» Entries shown:

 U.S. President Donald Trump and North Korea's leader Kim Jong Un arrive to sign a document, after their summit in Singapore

...

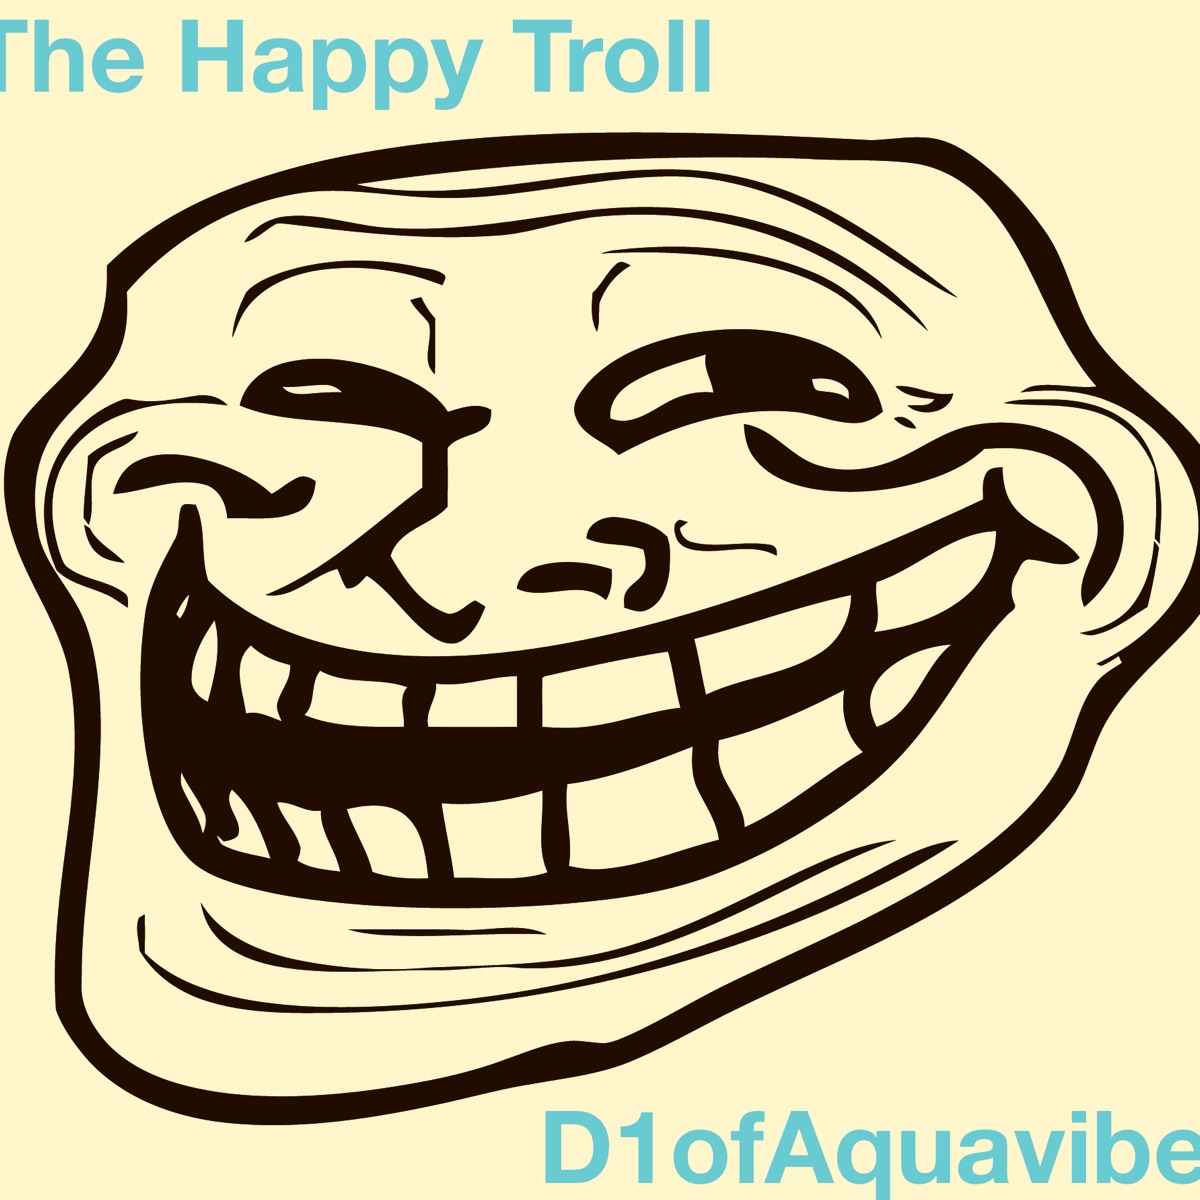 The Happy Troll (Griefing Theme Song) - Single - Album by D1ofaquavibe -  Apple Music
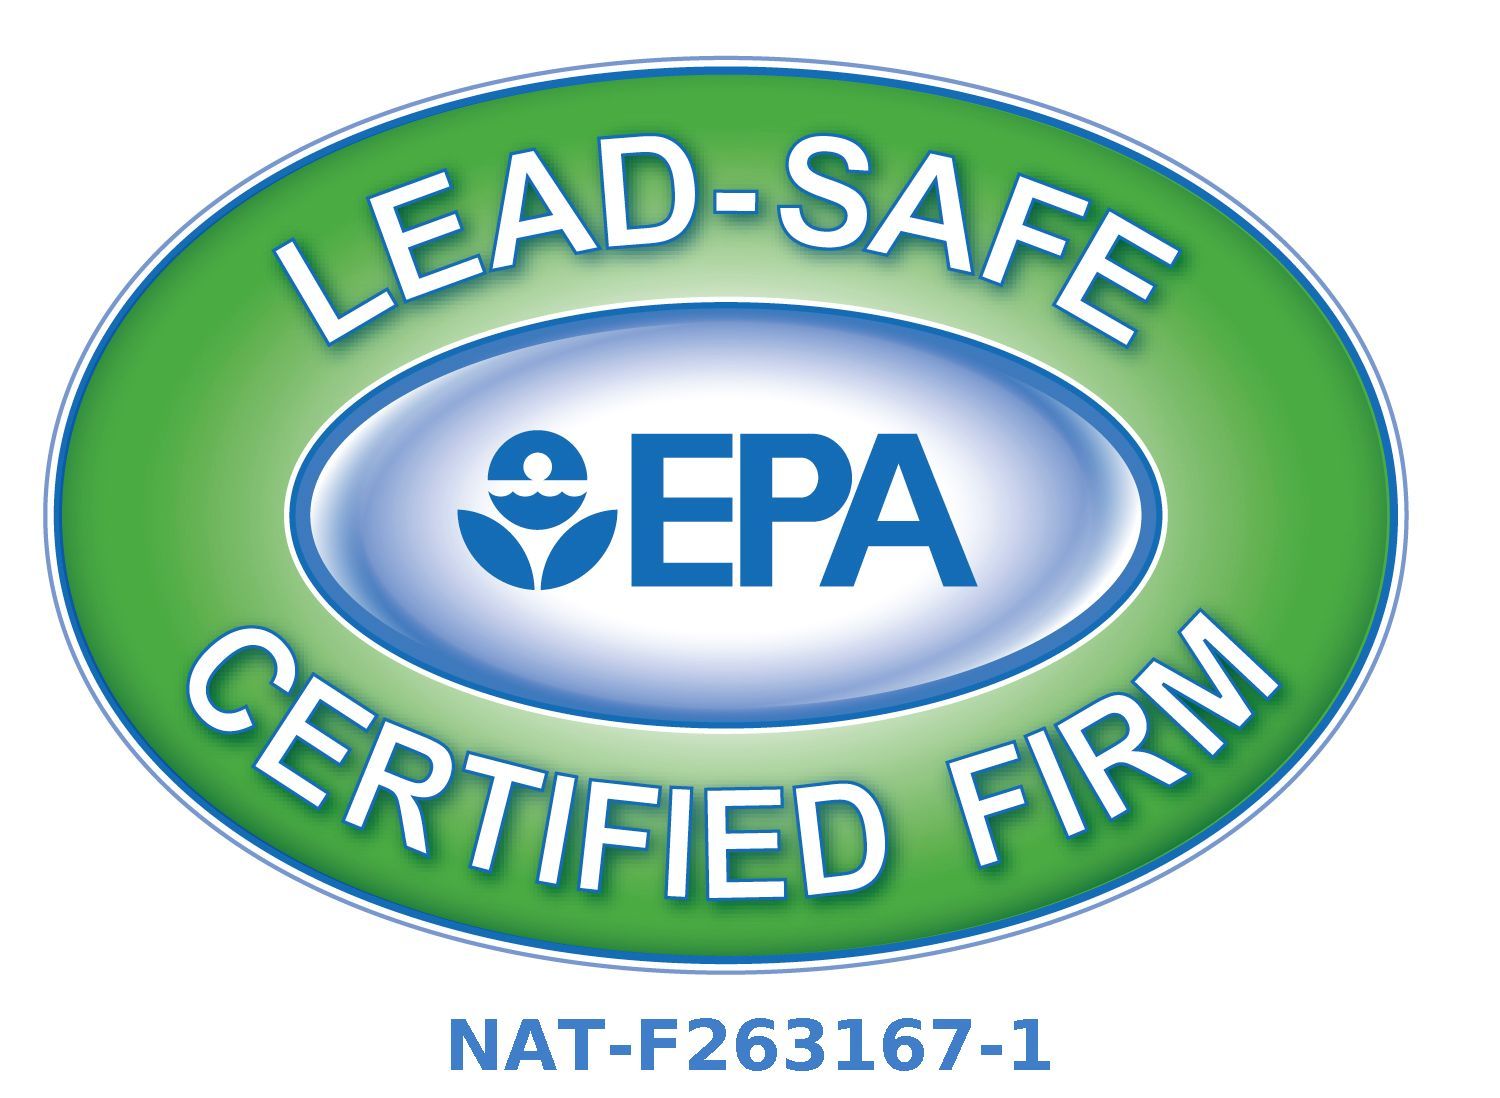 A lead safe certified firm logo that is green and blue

» What you are asked to do: For this exercise, reproduce exactly the lines of the records above from the one with "The Happy Troll" up to and including the one with "A lead safe", without pictures.

» Solution to the exercise:
 The Happy Troll (Griefing Theme Song) - Single - Album by D1ofaquavibe -  Apple Music
 A lead safe certified firm logo that is green and blue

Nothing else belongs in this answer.